Reputation: 11240
I'm crawling the following page: http://www.worldfootball.net/all_matches/eng-premier-league-2015-2016/
The first parse goes through and should get all the links with scores as the text. I first loop through all the match rows:
for sel in response.xpath('(//table[@class="standard_tabelle"])[1]/tr'):
And then get the links in the 6th column of the table
matchHref = sel.xpath('.//td[6]/a/@href').extract()
This however returns nothing. I tried the same selector in Chrome (with the addition of 'tbody' between table and tr selector) though and I get results. But, if I try the same selector (without the tbody) in scrapy shell, I only get results from the first response.xpath, while nothing with the following link extraction.
I've done a handful of these loops before but this simple thing has me stumped. Is there a better way to debug this? Here is some shell output where I just try and simplify my second selection to just select any td
In [36]: for sel in response.xpath('(//table[@class="standard_tabelle"])[1]/tr'):
....: sel.xpath('.//td')
....:
Nothing. Ideas?
Upvotes: 1
Views: 496
Reputation: 473763
What I would do is to use the fact that these links in the 6th column contain the report
in the href
attribute value. Demo from the shell:
$ scrapy shell "http://www.worldfootball.net/all_matches/eng-premier-league-2015-2016/"

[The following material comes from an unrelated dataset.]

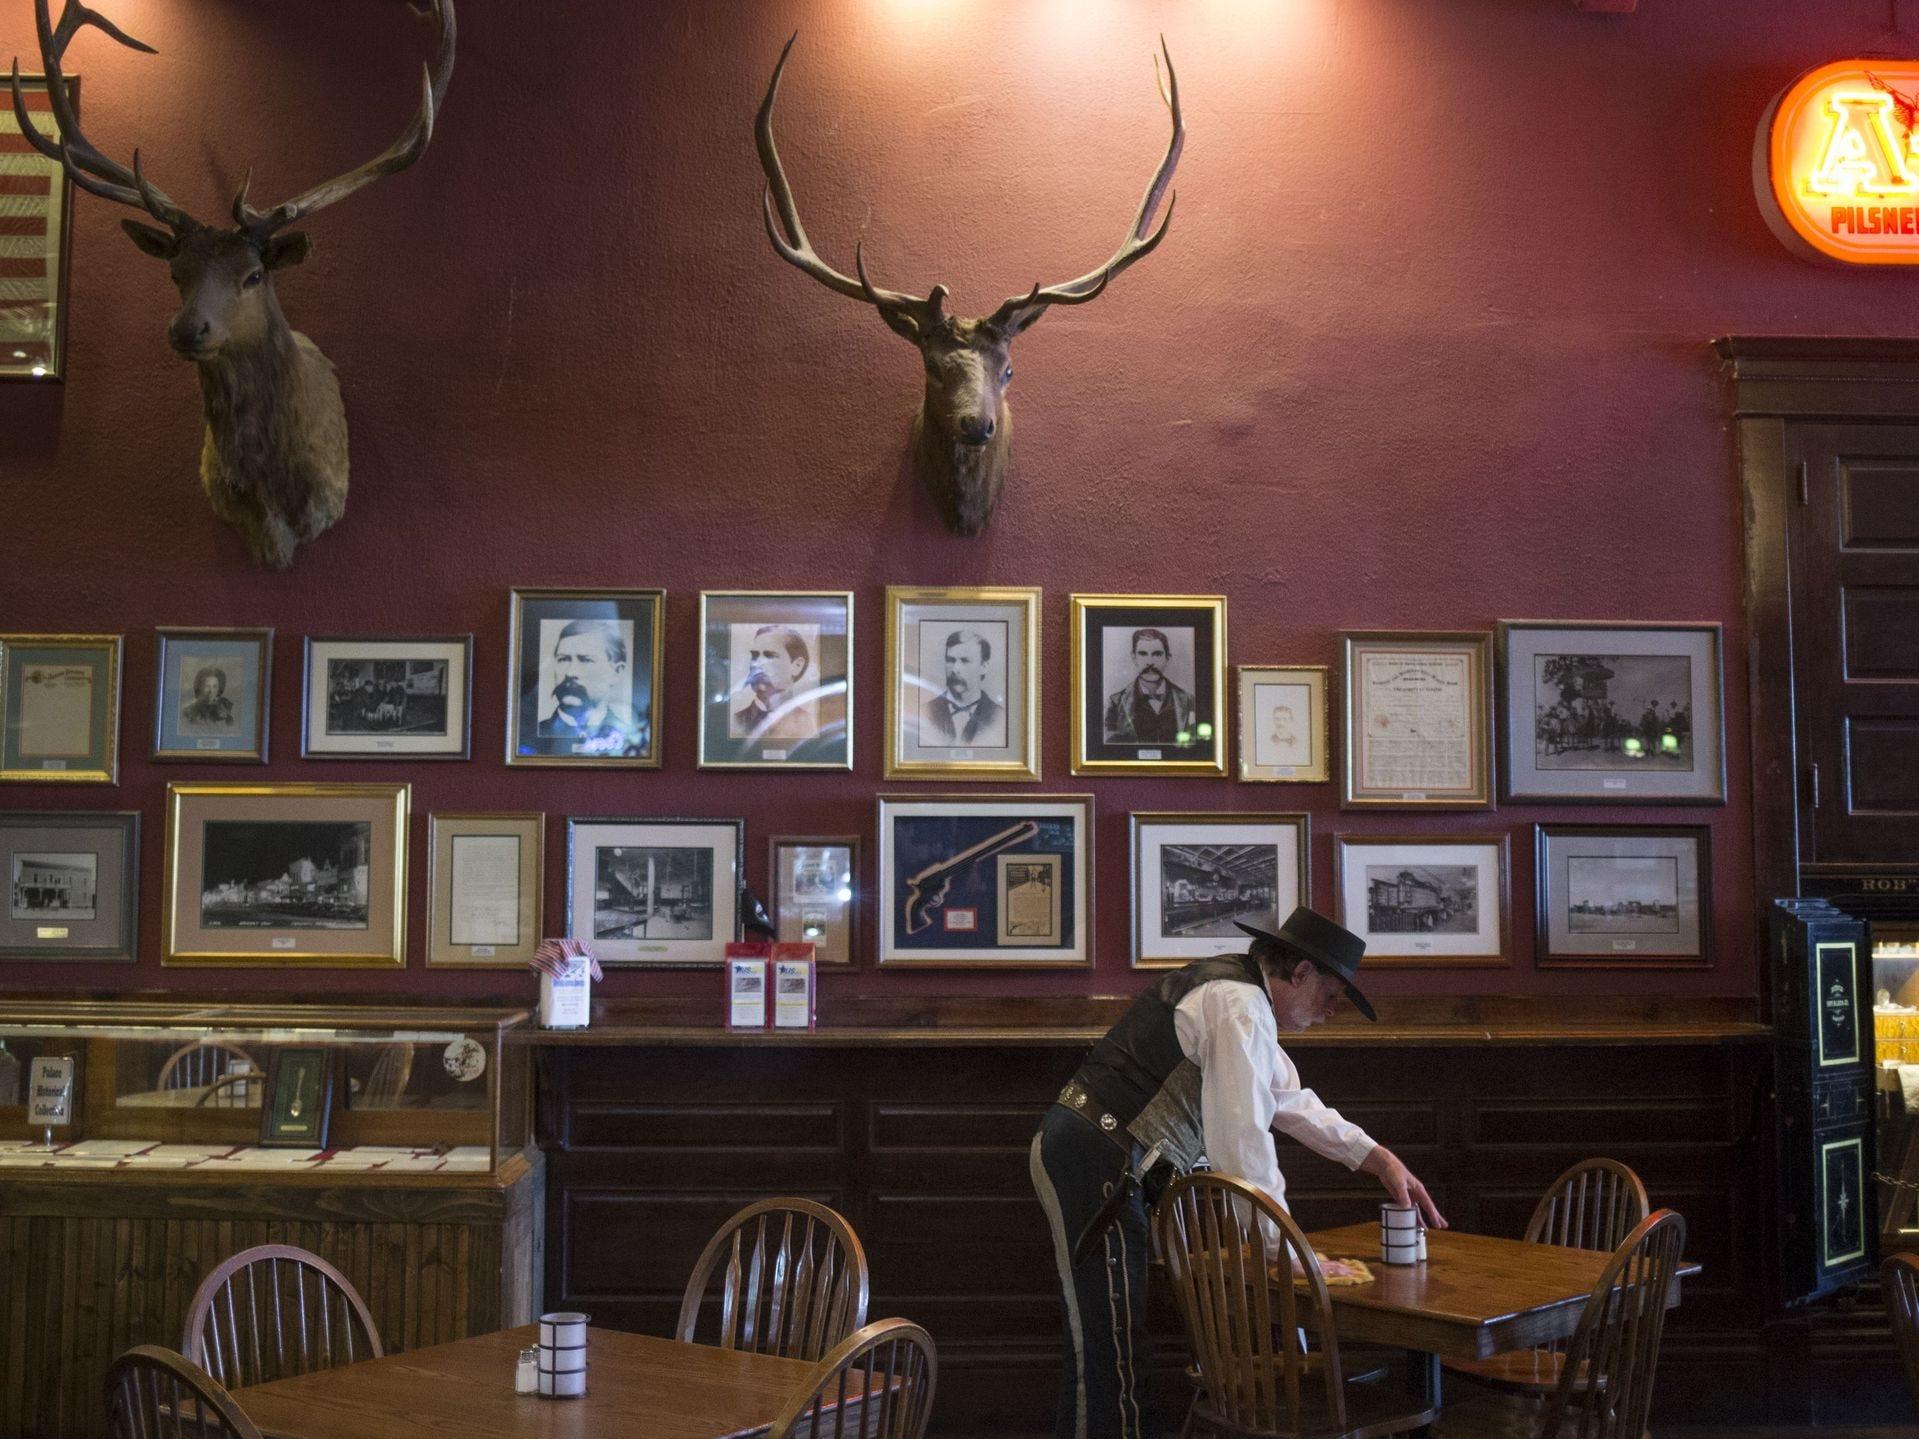 Steve Waller el 6 de noviembre de 2017, en el Palace Saloon y en el restaurante 120 S. Montezuma Street, Prescott, Arizona.

>>> for row in response.xpath('(//table[@class="standard_tabelle"])[1]/tr[not(th)]'):
... print(row.xpath(".//a[contains(@href, 'report')]/@href").extract_first())
...
/report/premier-league-2015-2016-manchester-united-tottenham-hotspur/
/report/premier-league-2015-2016-afc-bournemouth-aston-villa/
/report/premier-league-2015-2016-everton-fc-watford-fc/
...
/report/premier-league-2015-2016-stoke-city-west-ham-united/
/report/premier-league-2015-2016-swansea-city-manchester-city/
/report/premier-league-2015-2016-watford-fc-sunderland-afc/
/report/premier-league-2015-2016-west-bromwich-albion-liverpool-fc/
Also note this part: tr[not(th)]
- this helps to skip header rows with no relevant links.
Upvotes: 1